Genetics study: Africans have keener sensitivity to bitter tastes

New genetic research from Penn has found that Africans can detect bitter tastes better and more easily than Europeans or Asians—a trait that may have made it easier for African peoples to detect potentially poisonous plants in nature.

According to an ongoing study from the lab of Sarah Tishkoff, the David and Lyn Silfen University Associate Professor and a Penn Integrates Knowledge Professor with joint appointments in the schools of Medicine and Arts and Sciences, there is a striking amount of diversity in the so-called “bitter gene” among African populations—far more diversity, in fact, than in other studied populations around the world.

And with diversity, she says, comes a more sensitive palate.

While previous studies have analyzed the gene TAS2R38, which is known to be associated with variants in bitter taste response, this is the first study of its kind to investigate this pattern of genetic diversity in a wide range of distinct African populations.
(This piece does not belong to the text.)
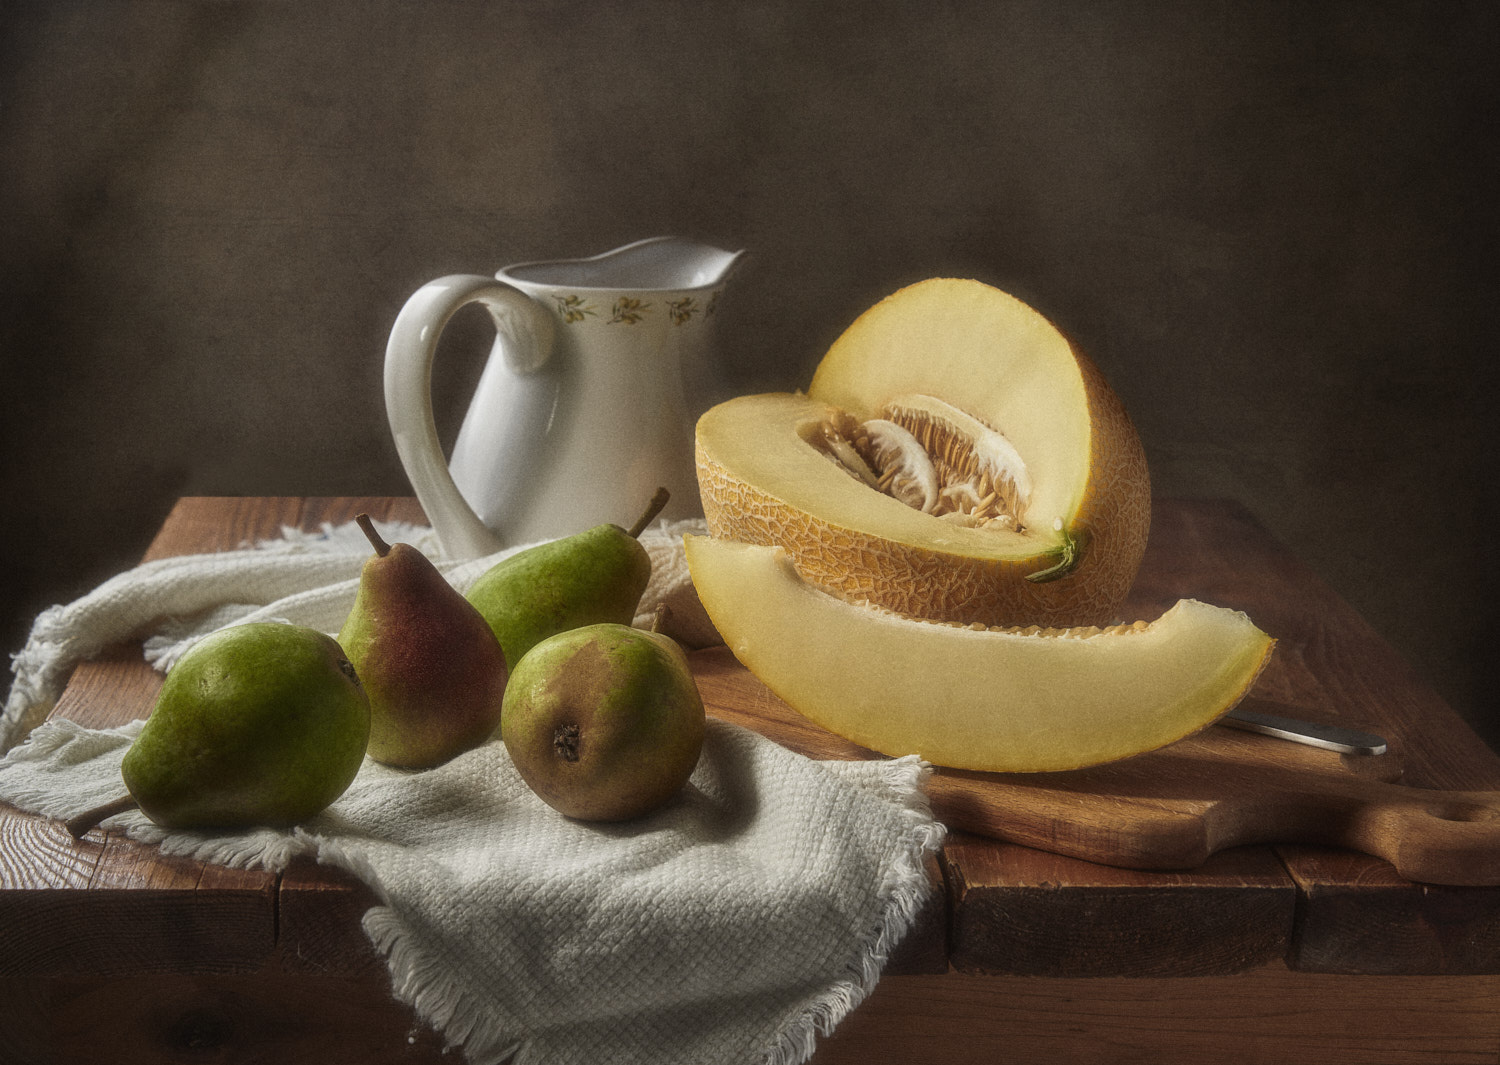 Дыня и груши натюрморт композиция постановка сцена плоды еда фрукты груши дыня кувшин

Common foods with a bitter taste include dandelion greens, coffee, unsweetened chocolate and the aptly named bitter melon.

This research is part of a wide-ranging genetic diversity project that began when Tishkoff went to Africa to collect phenotype data for a number of variable traits, including bitter taste perception. In this study, people in Cameroon and Kenya were administered vials containing various strengths of the synthetic bitter substance PTC. They were then scored according to the point at which they could first detect the bitter substance.

Back in the lab, Michael Campbell, a postdoctoral researcher in Tishkoff’s lab, sequenced the TAS2R38 gene looking for patterns of diversity.
“We also looked for signatures for selection, and then I correlated the genetic information with the phenotype data to see what kind of result we would get,” says Campbell.

What they found was a high number of haplotypes—or combinations of different forms of genes located on the same chromosome—associated with bitter taste perception in Kenyans and Cameroonians. Typically, in non-Africans, two major haplotypes known as PAV and ADI combine in a predictable variety of ways, resulting in a range of ability to detect bitterness. But in Africans, Campbell says, the results were surprising. Specifically, they saw greater variety of haplotypes in the Africans than in other groups.

“Not only are we seeing PAV and ADI in Africans, but we’re also seeing a number of other haplotypes that are associated with bitter taste detection at some levels,” Campbell says. “They’re at a much higher frequency in Africans than we see in non-Africans.”

What this means, Campbell says, is that Africans have a much greater sensitivity to bitterness than other people.

The question now is why this variation exists.

“There are evolutionary forces at play here, but we’re just not quite sure which ones—yet,” Campbell says. “It’s been speculated that perhaps it’s due to the importance of being able to detect bitter substances in nature, because bitter substances in plants are likely indicative of toxins that the plant may contain. So, there’s basically a survival advantage to being able to detect these substances.”

Campbell and others will continue to pursue bitterness even further in an attempt to understand how individuals or populations are able to detect bitter substances and to identify patterns of variation within populations.
This project is just the beginning, however. In Tishkoff’s lab, she and her team of five postdocs and three graduate students are studying lactase persistence in African populations and malaria susceptibility—a disease that affects a huge swath of the African population.

The overall goal is to establish a database of genetic diversity among diverse African populations, which will be important for the identification of the genetic basis of diseases prevalent in African and African-American populations, including diabetes and prostate cancer.

“This is just the tip of the iceberg,” says Campbell.